- **About this task**:
Leaving out every picture, quote the data below exactly as it appears.
══ Input data
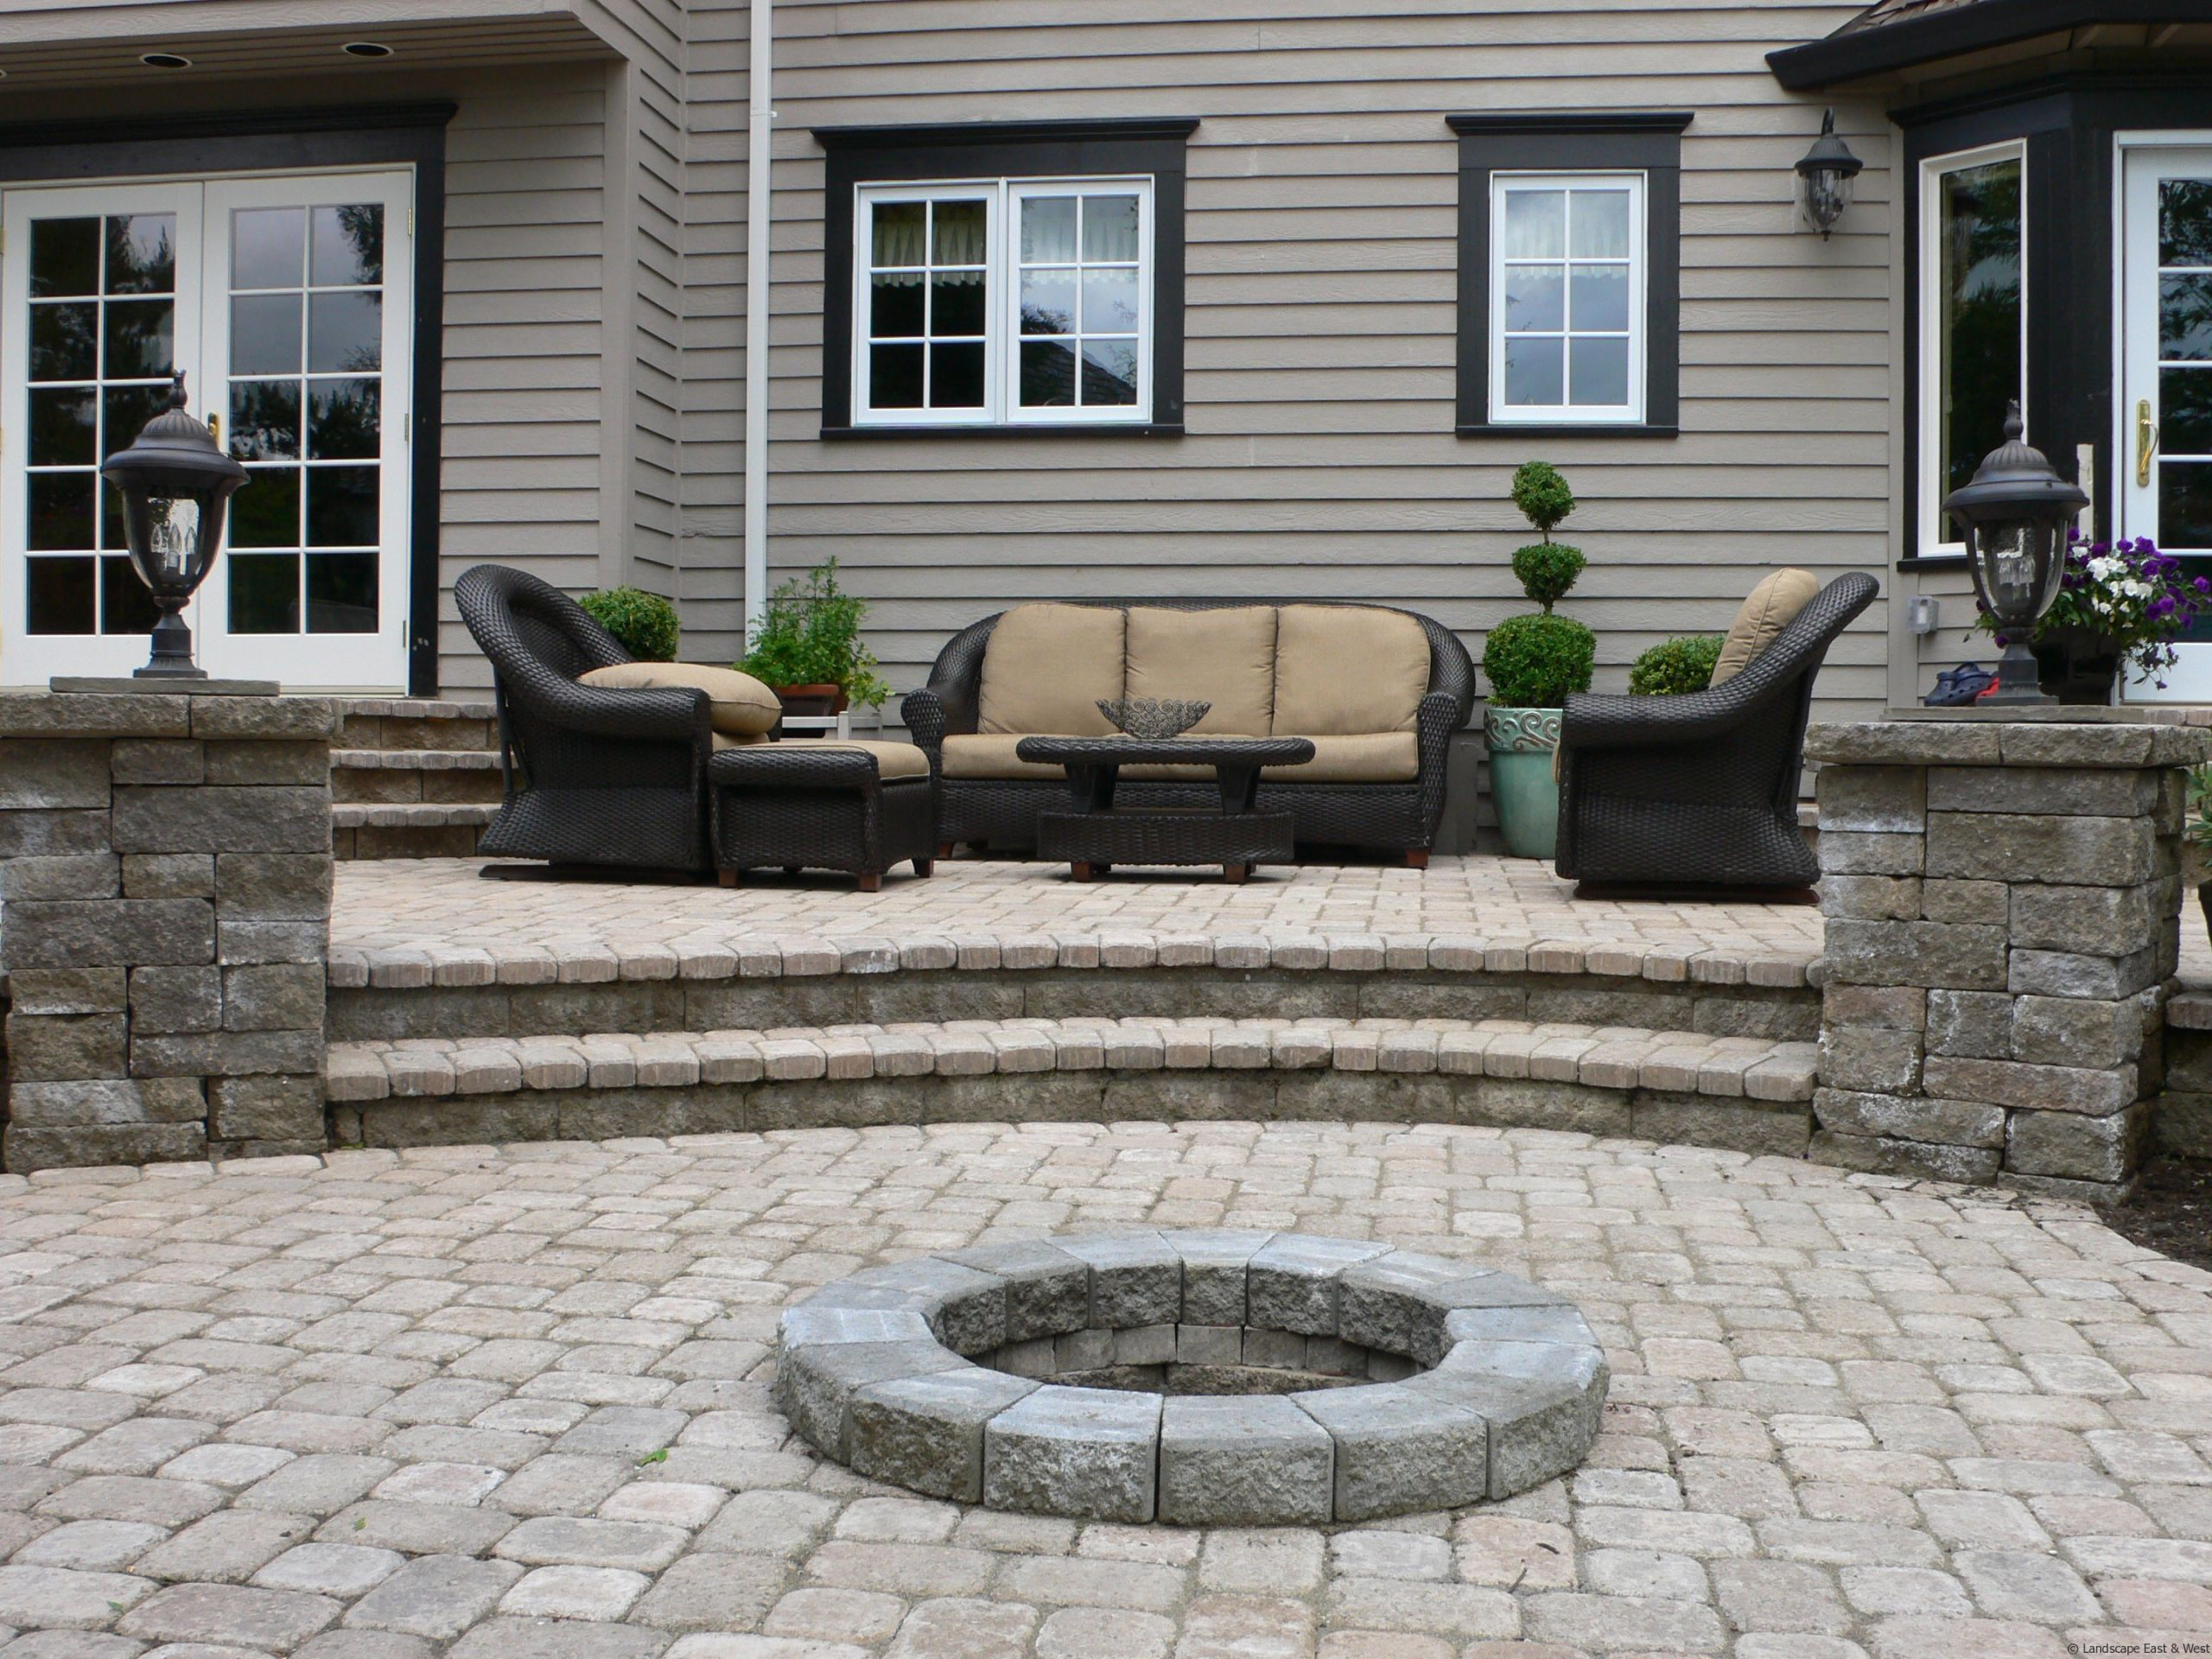 Backyard Patio Paver Design Ideas  5 Ways to Improve Patio Designs for Portland Landscaping
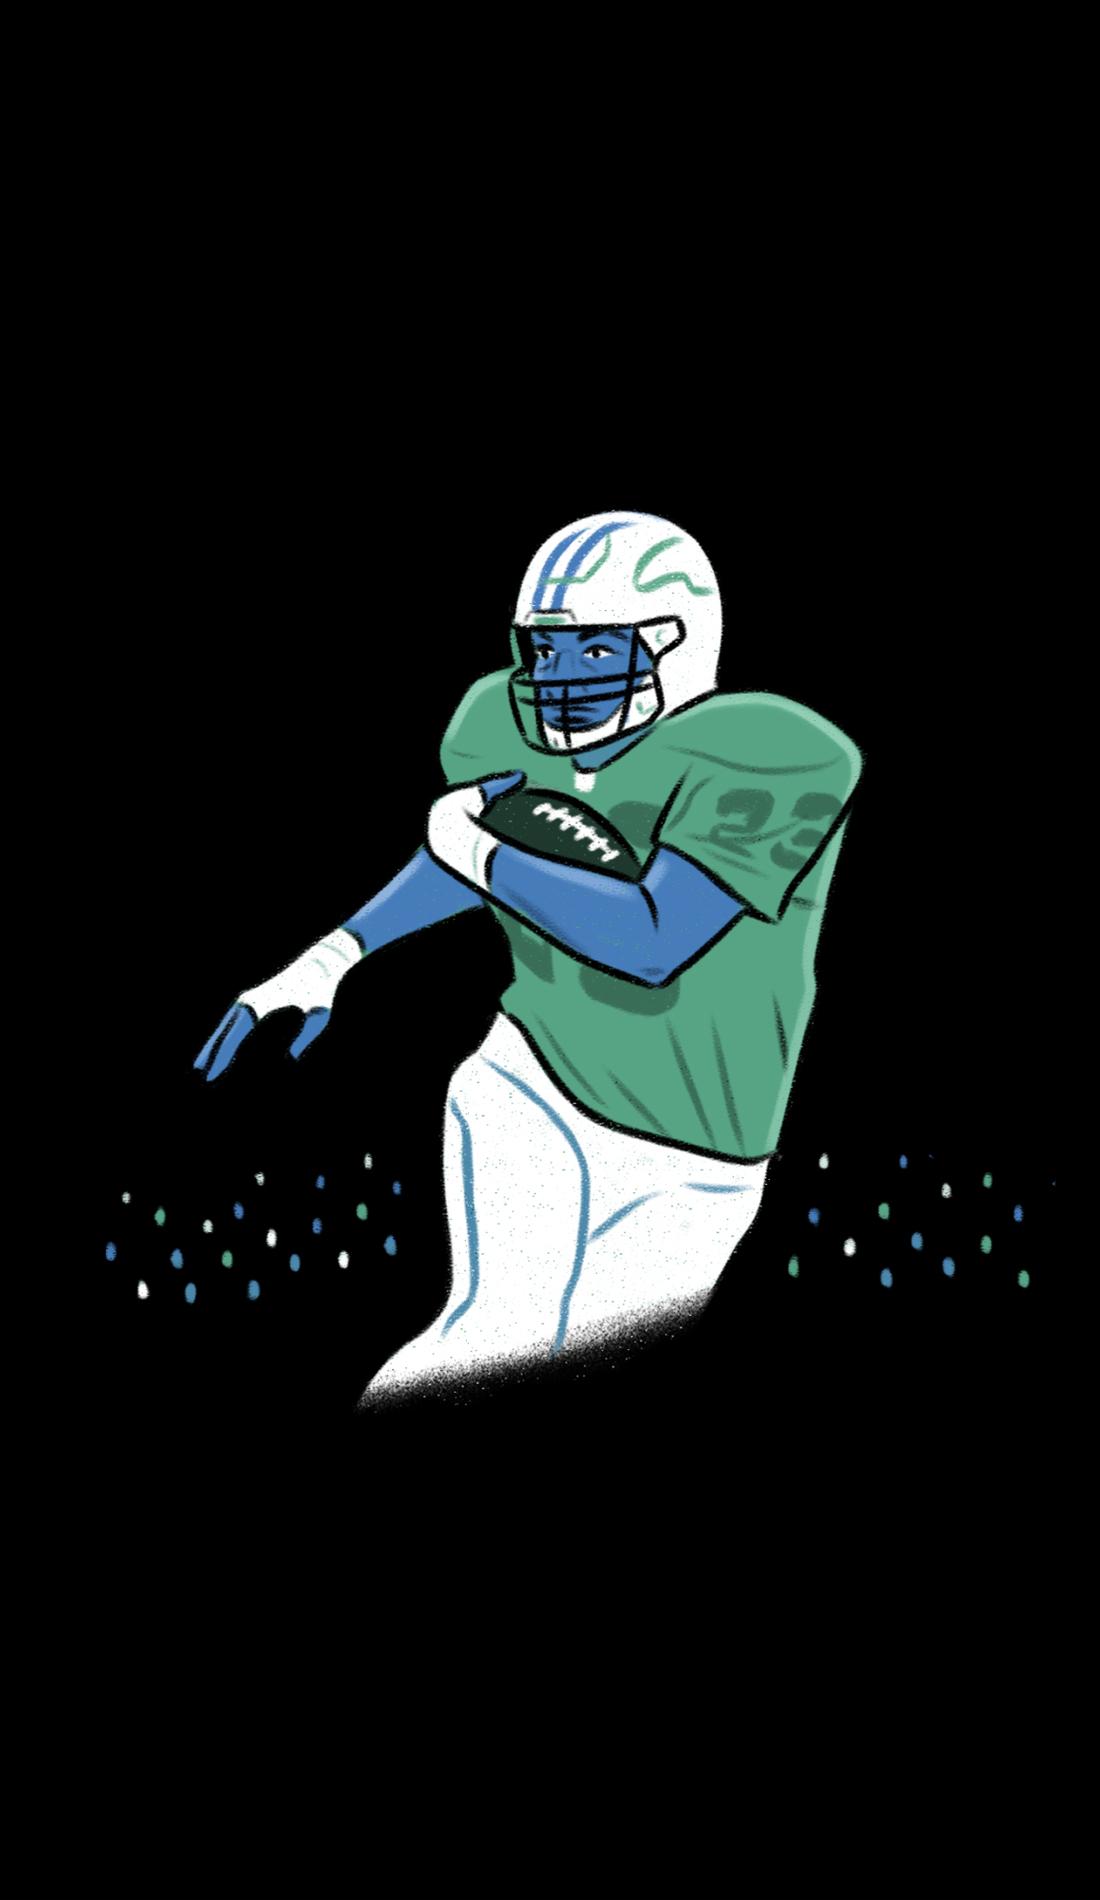 A South Carolina State Bulldogs Football live event
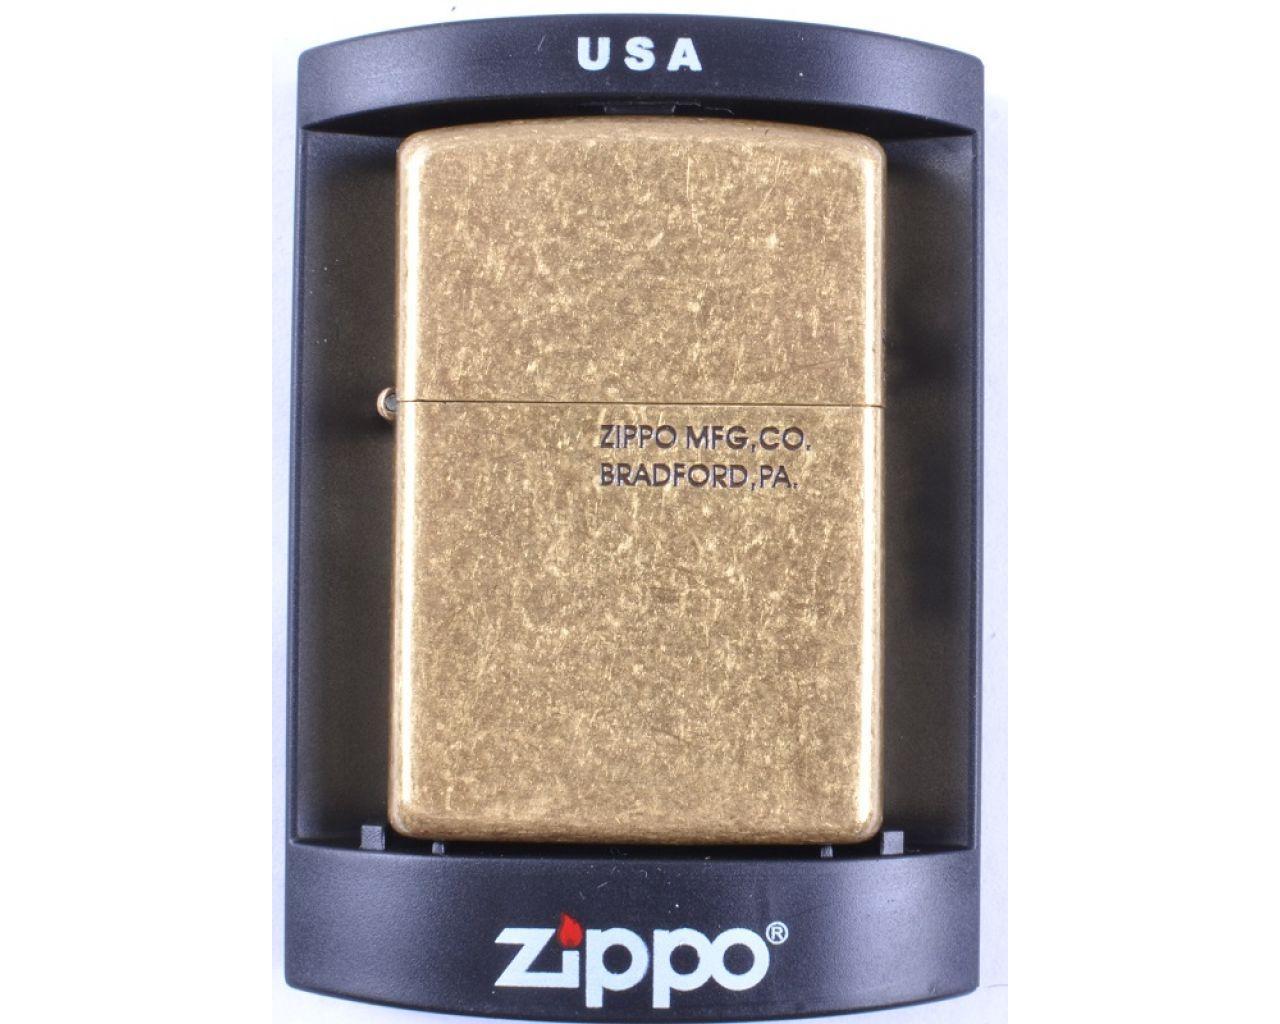 Зажигалка бензиновая Zippo MFG,CO.BRADFORD,PA. №4239
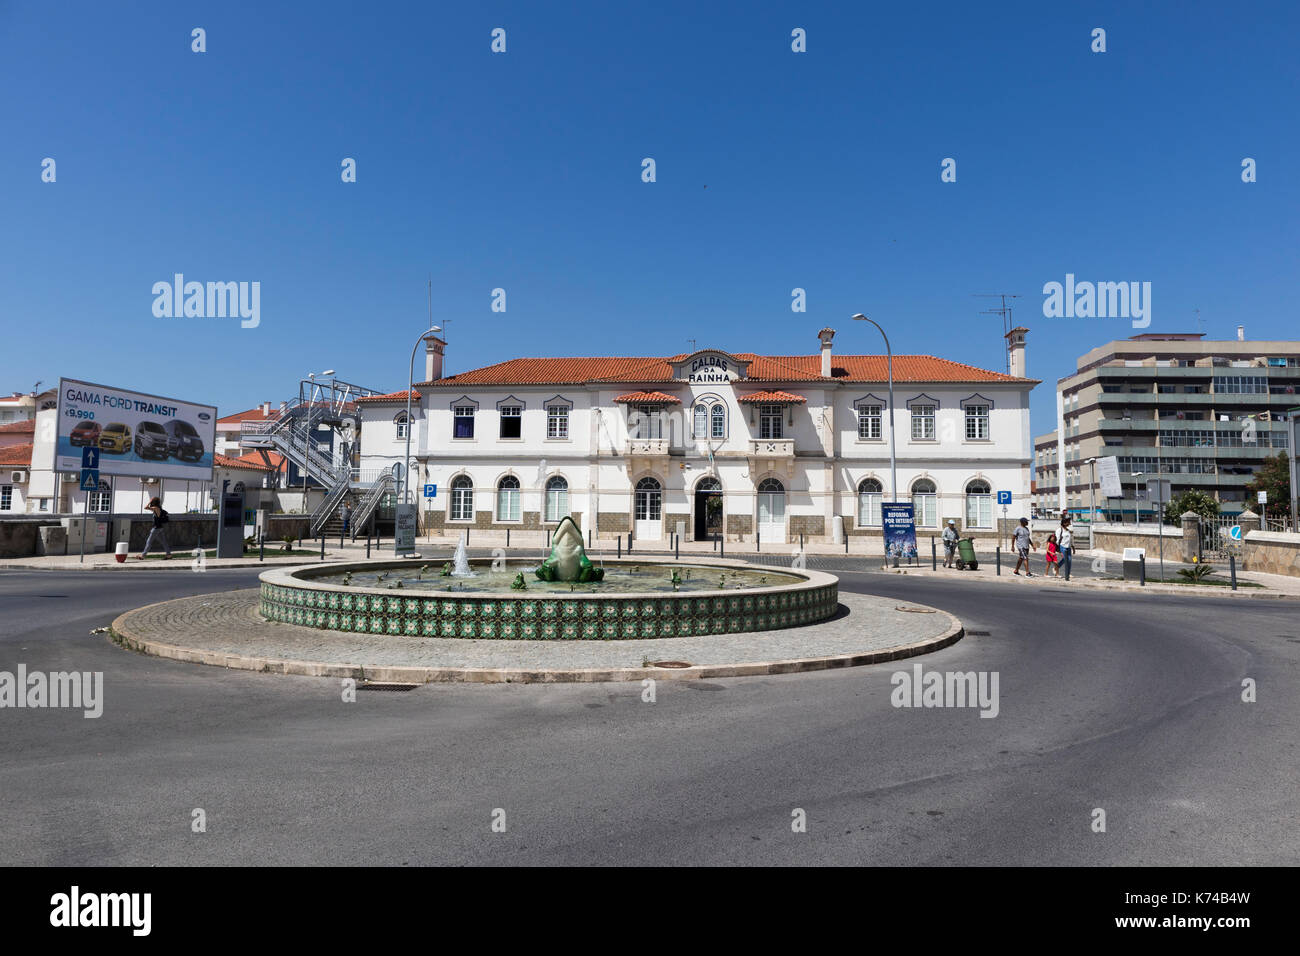 Fountain on the roundabout in front of Caldas da Rainha railway station Portugal on Avenida 1º de Maio - Stock Image
════
- **Answer section**:
 Backyard Patio Paver Design Ideas  5 Ways to Improve Patio Designs for Portland Landscaping
 A South Carolina State Bulldogs Football live event
 Зажигалка бензиновая Zippo MFG,CO.BRADFORD,PA. №4239
 Fountain on the roundabout in front of Caldas da Rainha railway station Portugal on Avenida 1º de Maio - Stock Image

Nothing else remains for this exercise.